COLLECTED MATERIAL:
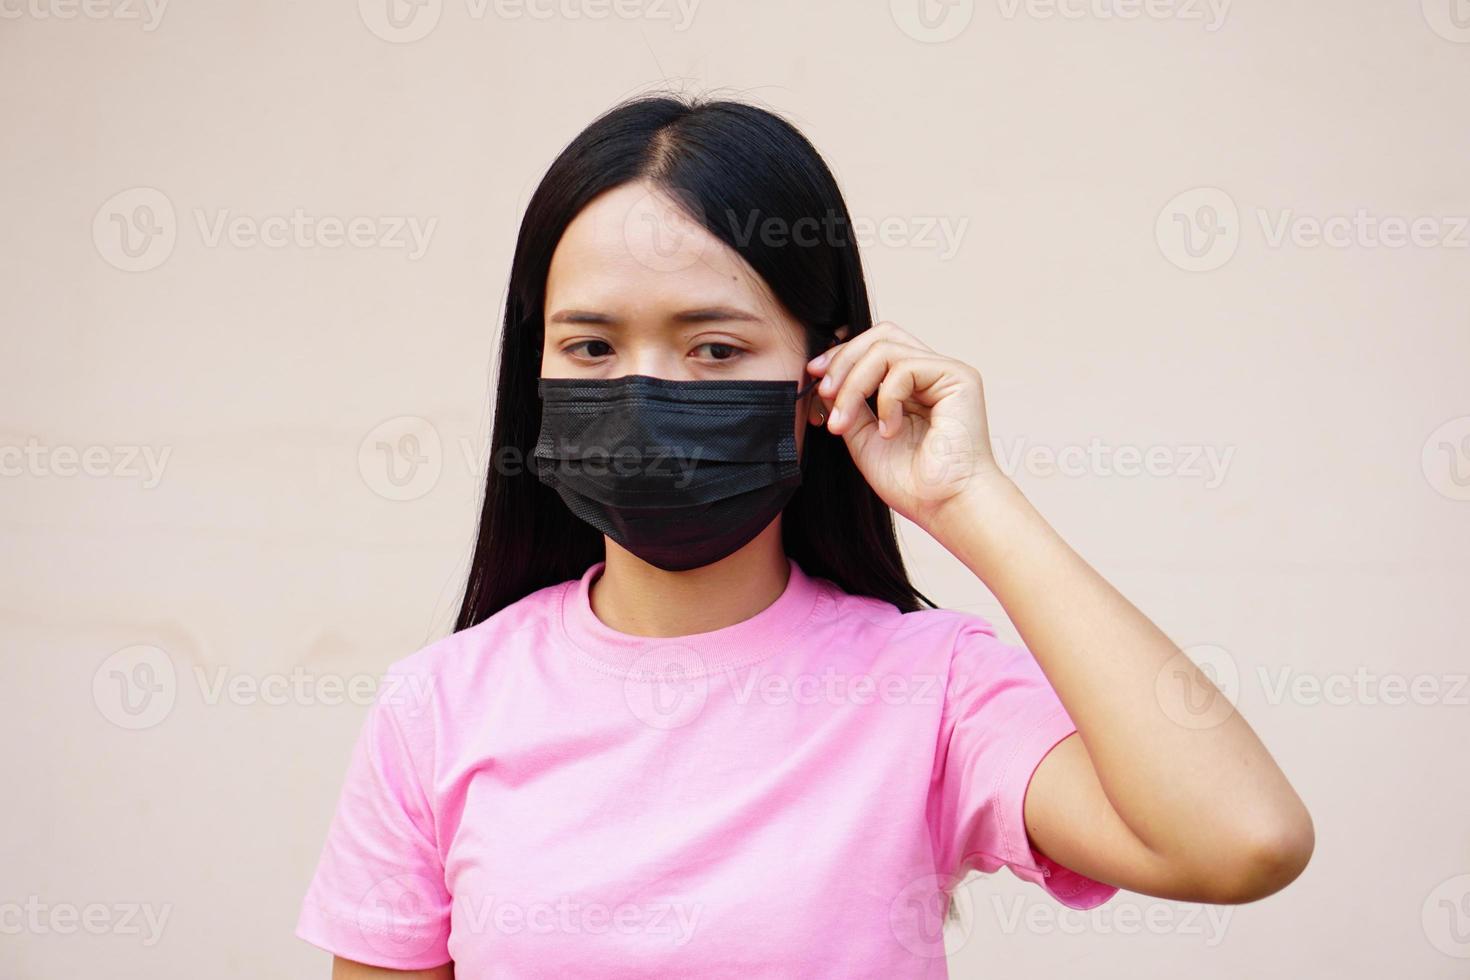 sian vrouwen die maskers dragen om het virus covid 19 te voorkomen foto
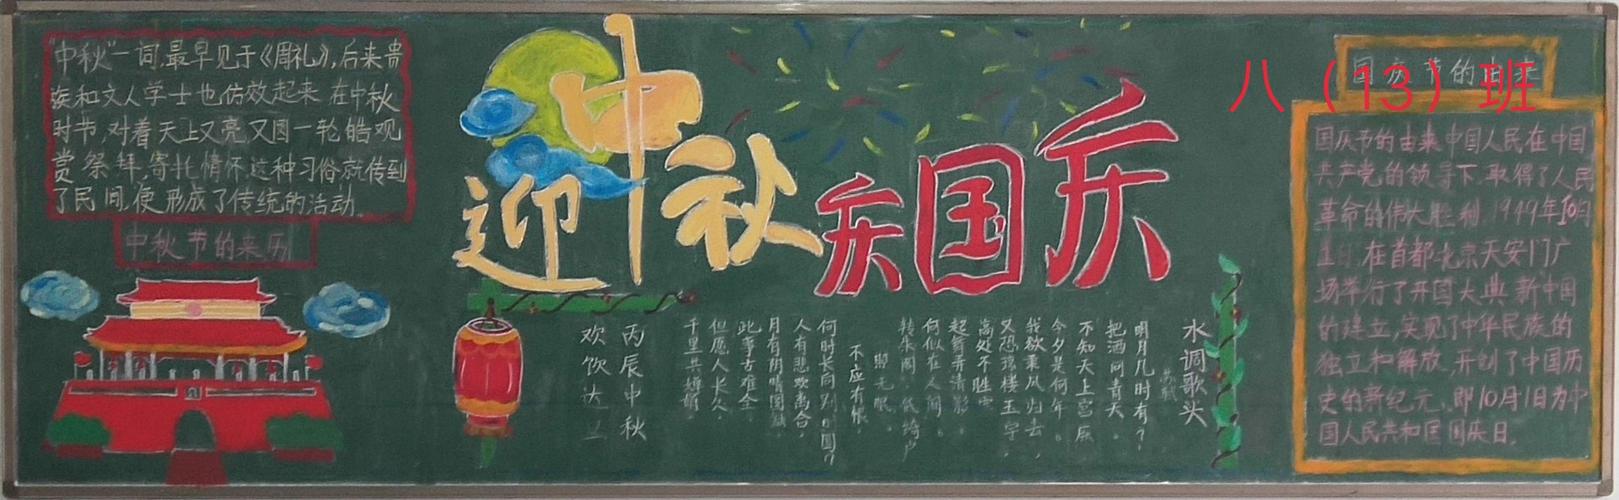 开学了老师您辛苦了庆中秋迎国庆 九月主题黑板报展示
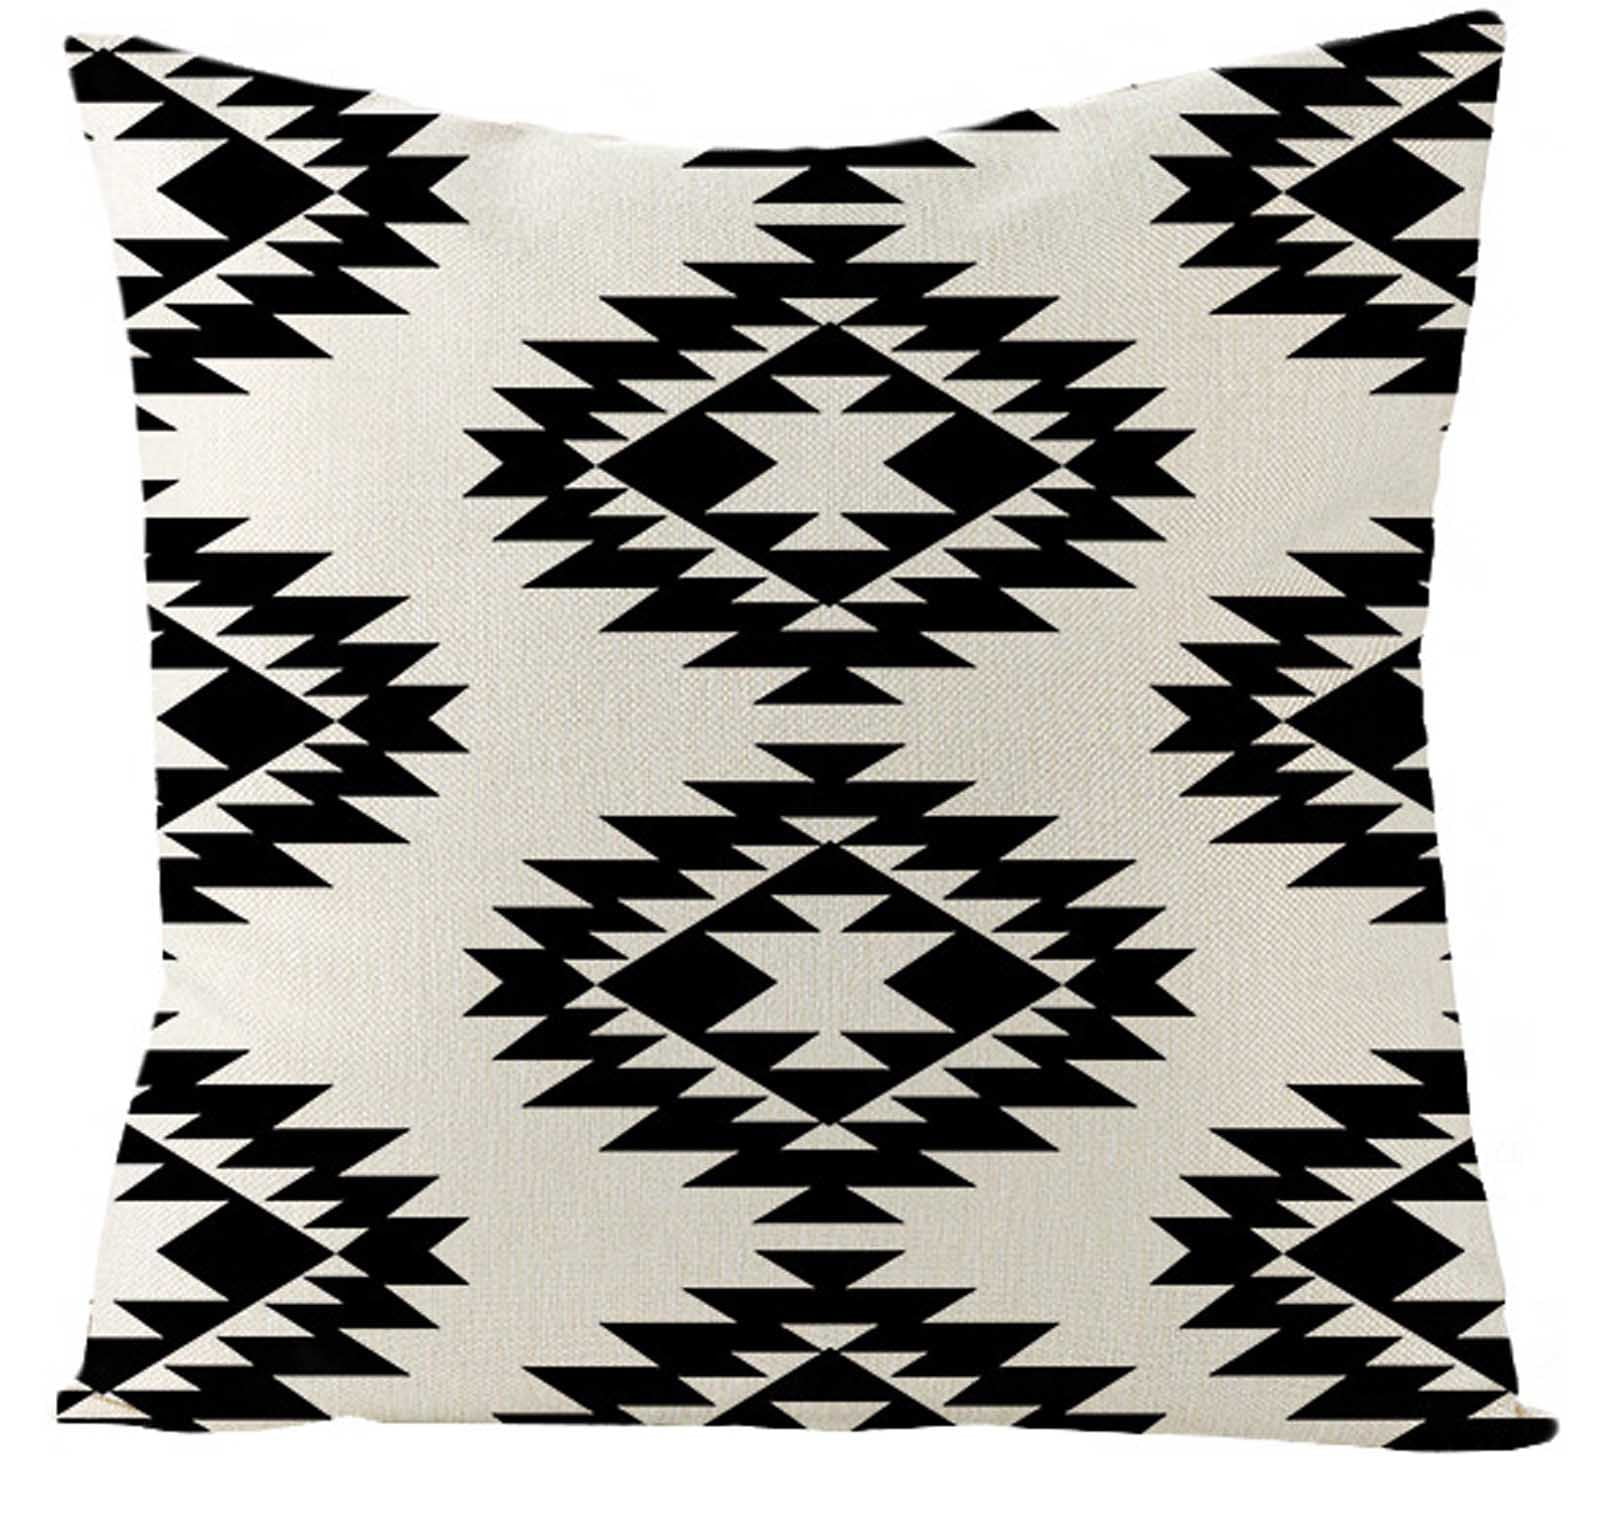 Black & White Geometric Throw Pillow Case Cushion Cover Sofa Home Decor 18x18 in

WHAT IS BEING ASKED:
The whole listing above, word for word: repeat it with the pictures excluded.

TASK SOLUTION:
 sian vrouwen die maskers dragen om het virus covid 19 te voorkomen foto
 开学了老师您辛苦了庆中秋迎国庆 九月主题黑板报展示
 Black & White Geometric Throw Pillow Case Cushion Cover Sofa Home Decor 18x18 in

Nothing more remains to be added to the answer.